How to Turn a Status History Table into a Daily Status Table Using PostgreSQL, with the Help of Some Window Functions

February 12, 2019 11:59 pm0 comments

Let’s say you have a table of the format:

object_id |        timestamp      | old_status | new_status
32049     | 2018-02-01 14:32:22   | TRUE       | FALSE
32049     | 2018-03-02 12:30:20   | FALSE      | TRUE
32049     | 2018-03-04 18:30:50   | TRUE       | FALSE
52053     | 2019-02-09 00:30:50   | FALSE      | TRUE
52053     | 2019-02-09 00:30:53   | TRUE       | FALSE
52053     | 2019-02-10 16:30:56   | FALSE      | TRUE

Where each entry, for simplicity’s sake, is one change in boolean status for the object: TRUE | FALSE or FALSE | TRUE. This is a fairly common history table that you’d find in the database of many applications, for example a profile settings history with a search engine visibility toggle.

Let’s say that you want to build a lookup table in your warehouse so that you can easily discover whether, on any given day, the toggle in question is set to a specific state, in this case TRUE. This happens to be the situation we found ourselves in at WayUp in order to make it easy to know whether a job was active during a given period.

This is the output we’re going for, where every row is a date where the object is active. If the object is not active during that date, there would be no entry for it.

For the example above, our work should yield the following. Since object 32053 was set to true on 2/10/2019, it is currently also true on 2/12/2019. We also will assume that both objects were created on 1/31/2018.

object_id | date
32049     | 2018-01-31 (creation as active)
32049     | 2018-02-01
32049     | 2018-03-02
32049     | 2018-03-03
32049     | 2018-03-04
52053     | 2019-02-09
52053     | 2019-02-10
52053     | 2019-02-11
52053     | 2019-02-12 (today)

How do you do it?

It’s a deceptively hard problem, because the result we’re going for is a lookup table where we need dates in between, and inclusive of, the toggles that are set to TRUE. We also need dates after the last toggle was set to TRUE up through the current date. If the history table doesn’t include the initial state the object was created in (which is very often the case), we will need to handle that case as well.
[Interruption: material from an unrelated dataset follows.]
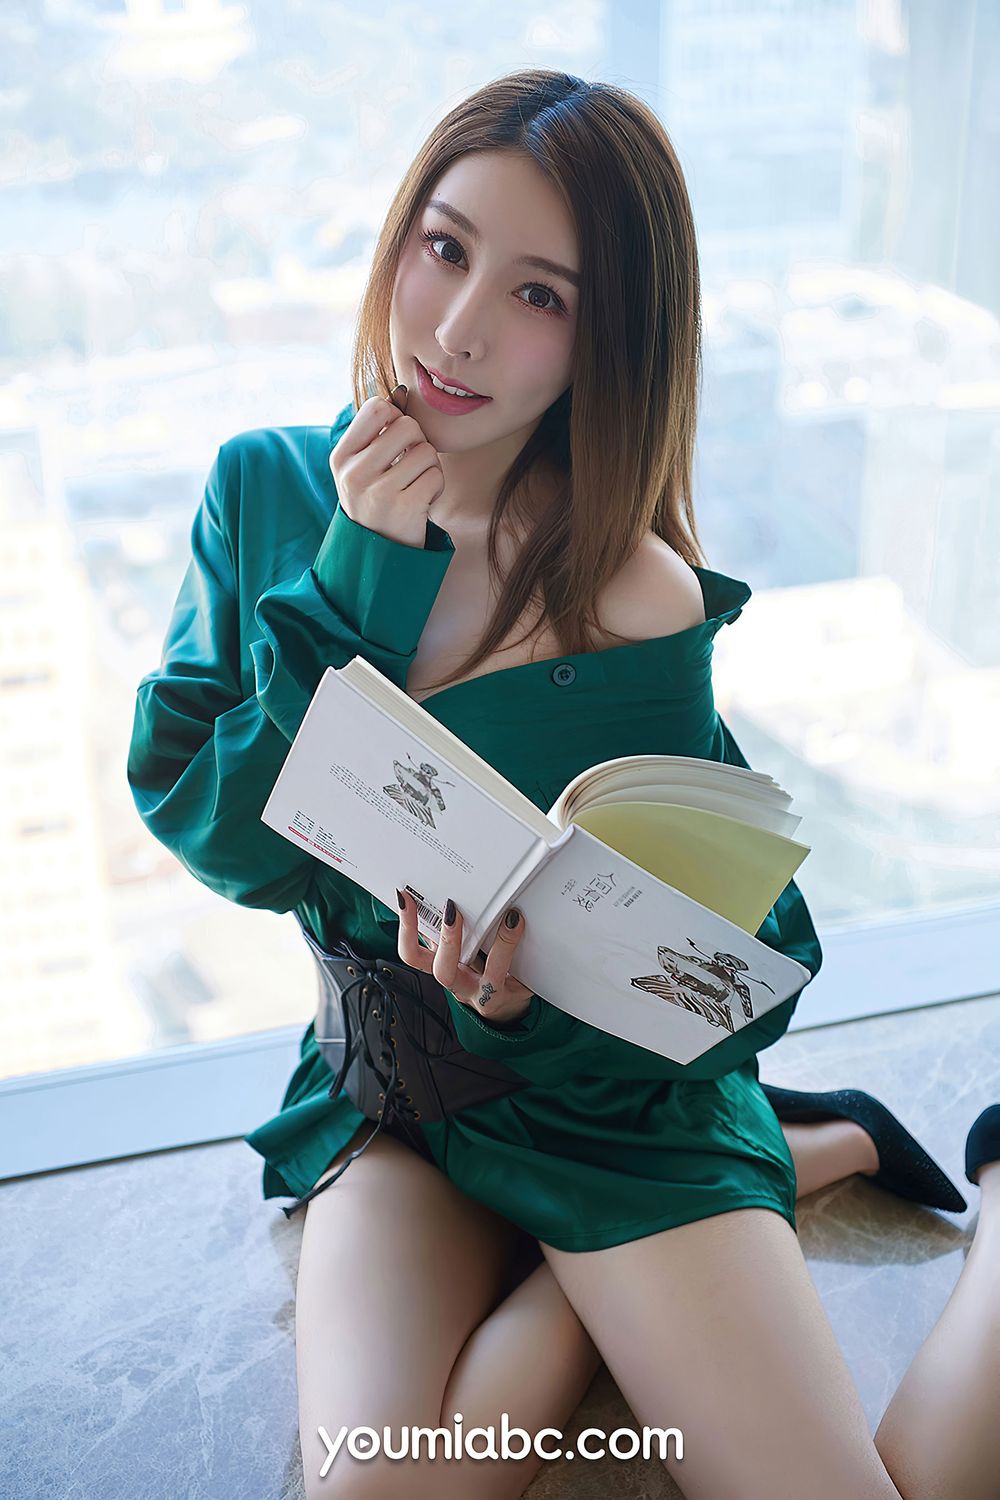 美女模特然熙 - 绿色服饰开春之约主题性感写真

Step One: Build a Date-Based History Table

We’ll first need the history of this object by date, because that’s the final format we’ll be storing the table in. (Even if your final use case for this lookup will be rollups by month or quarter, if you have it broken out by date, it will make rollups easy using SELECT DISTINCT across any time period.)

Let’s go back to our original sample table.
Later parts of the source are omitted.